## Fill cache

This notebook extracts the results from the transfer experiments (the results must be stored according to `MML` configuration) and computes the task distances (based on the features extracted and placed inside the `data` folder). The extracted results and computed distances are placed inside the `cache` folder and shared with this repository.

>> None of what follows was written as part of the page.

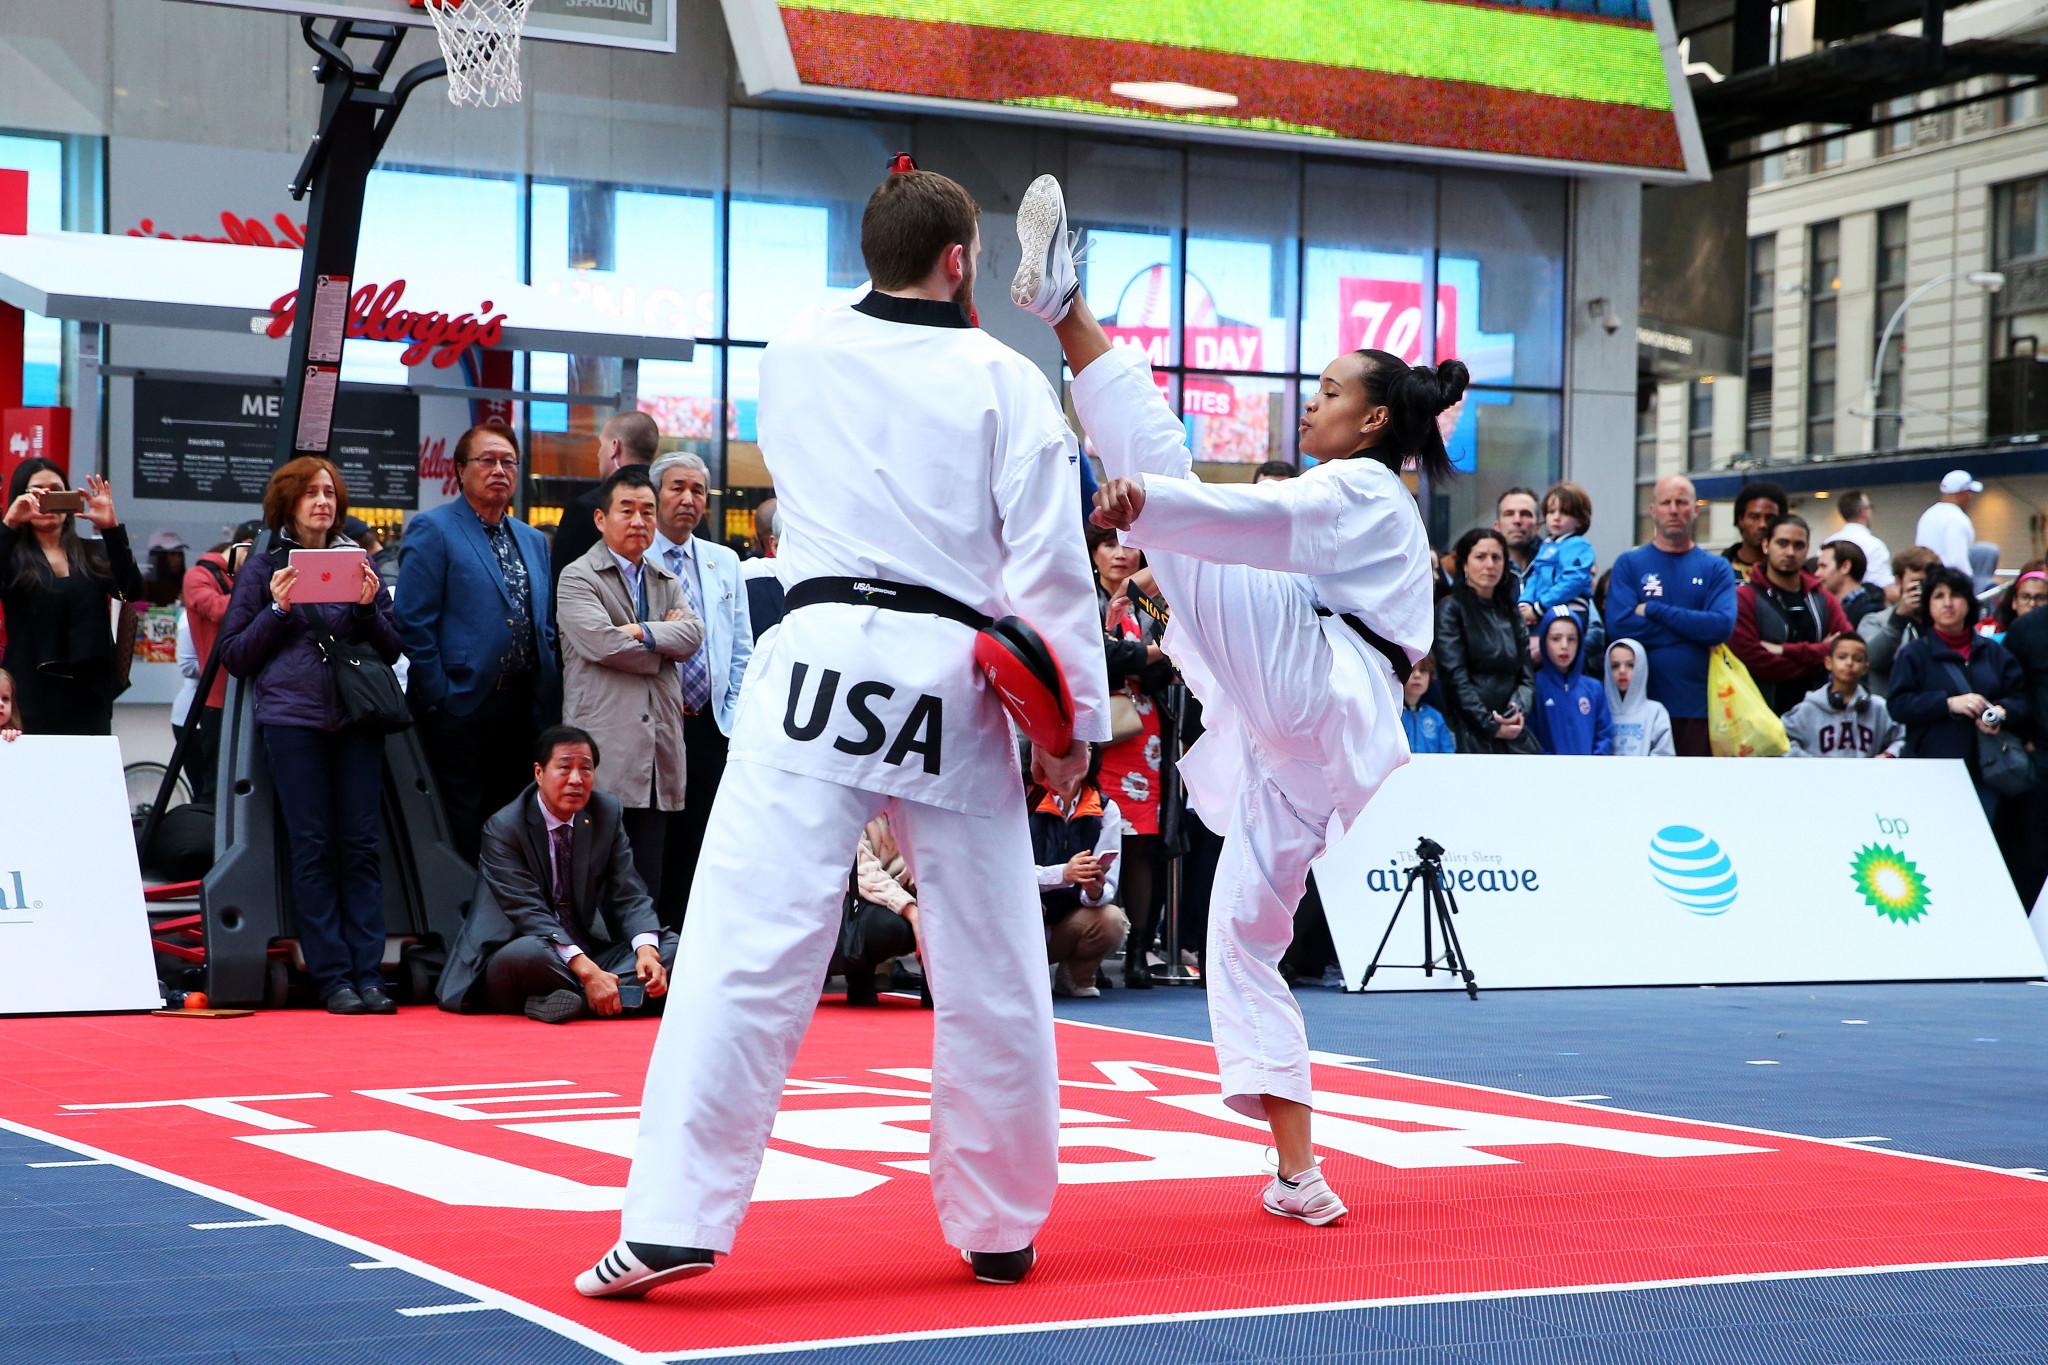 USA Taekwondo open application process for new regional coaches
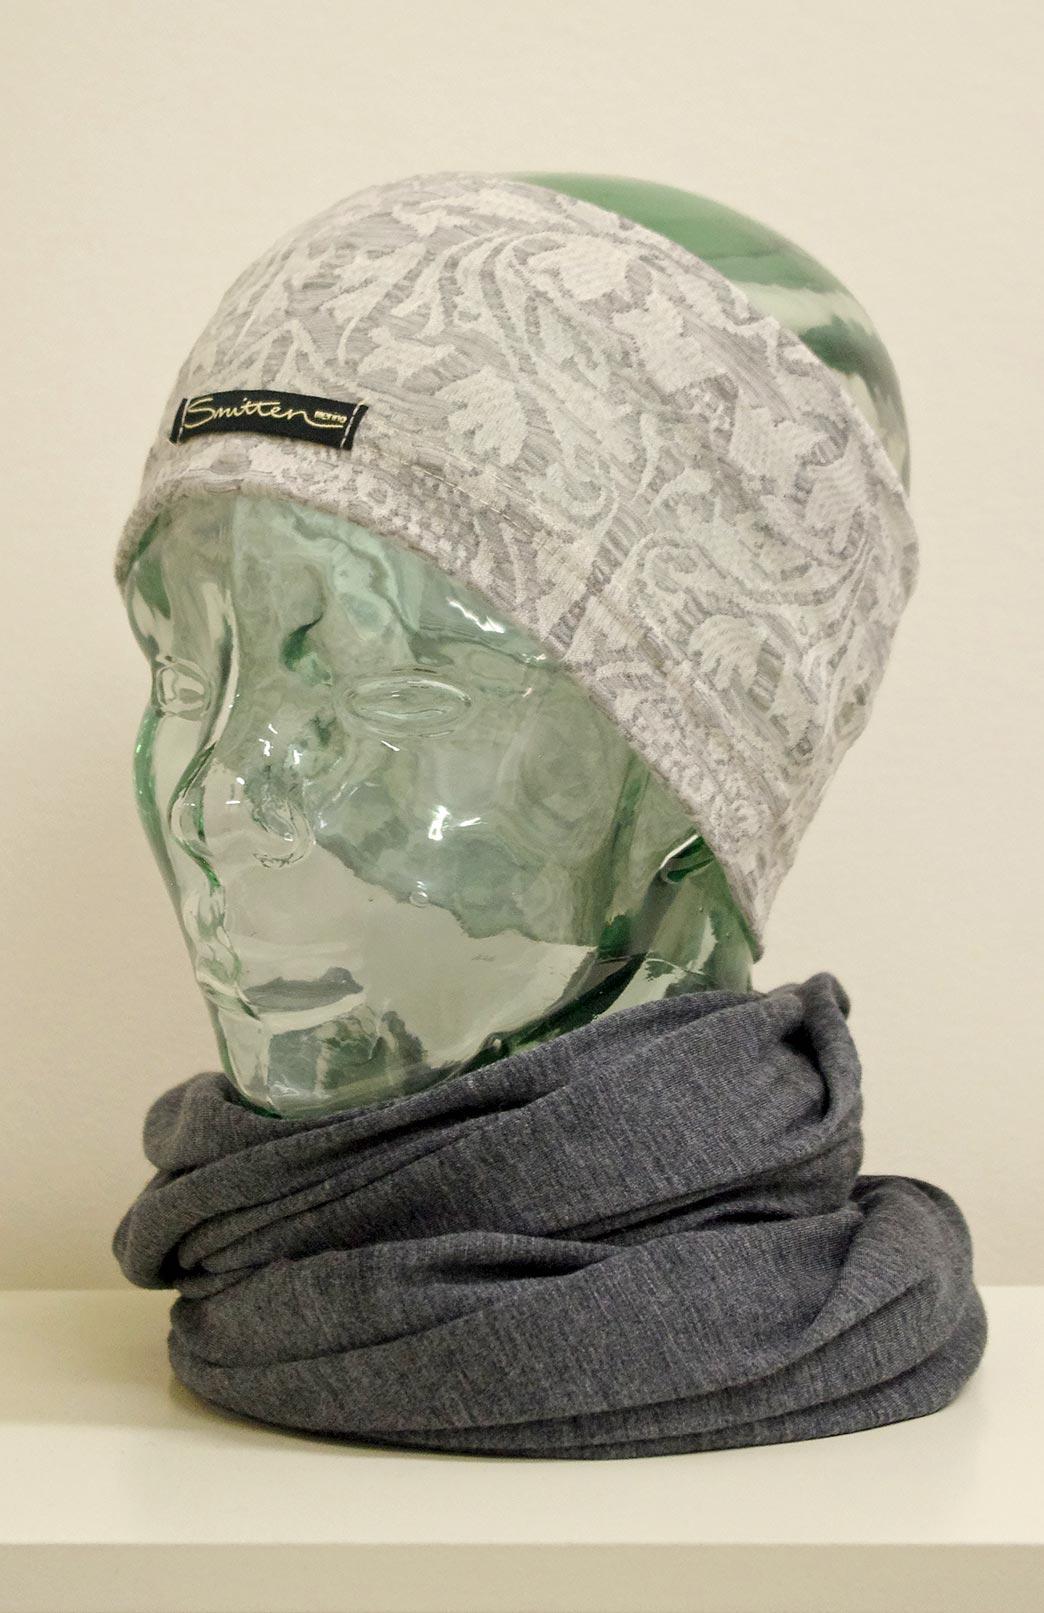 Headband / Ear Warmer - Unisex Soft Grey and White Floral Merino Wool Headband and Ear Warmer - Smitten Merino Tasmania Australia

All following transferability evaluations are only based on the `cache`. The extraction process will also aggregate the GPU time.

In [1]:
import mml.interactive
mml.interactive.init()

from mml_tf.experiments import load_arch_experiment, load_augmentation_experiment, load_baseline_experiment, \
    load_multi_task_experiment, load_pretrain_experiment, GPU_TIME, METRICS, EXPERIMENTS
from mml_tf.aggregate import AggregateStrategy
import copy
from rich.progress import track
import numpy as np

  @torch.cuda.amp.custom_fwd(cast_inputs=torch.float32)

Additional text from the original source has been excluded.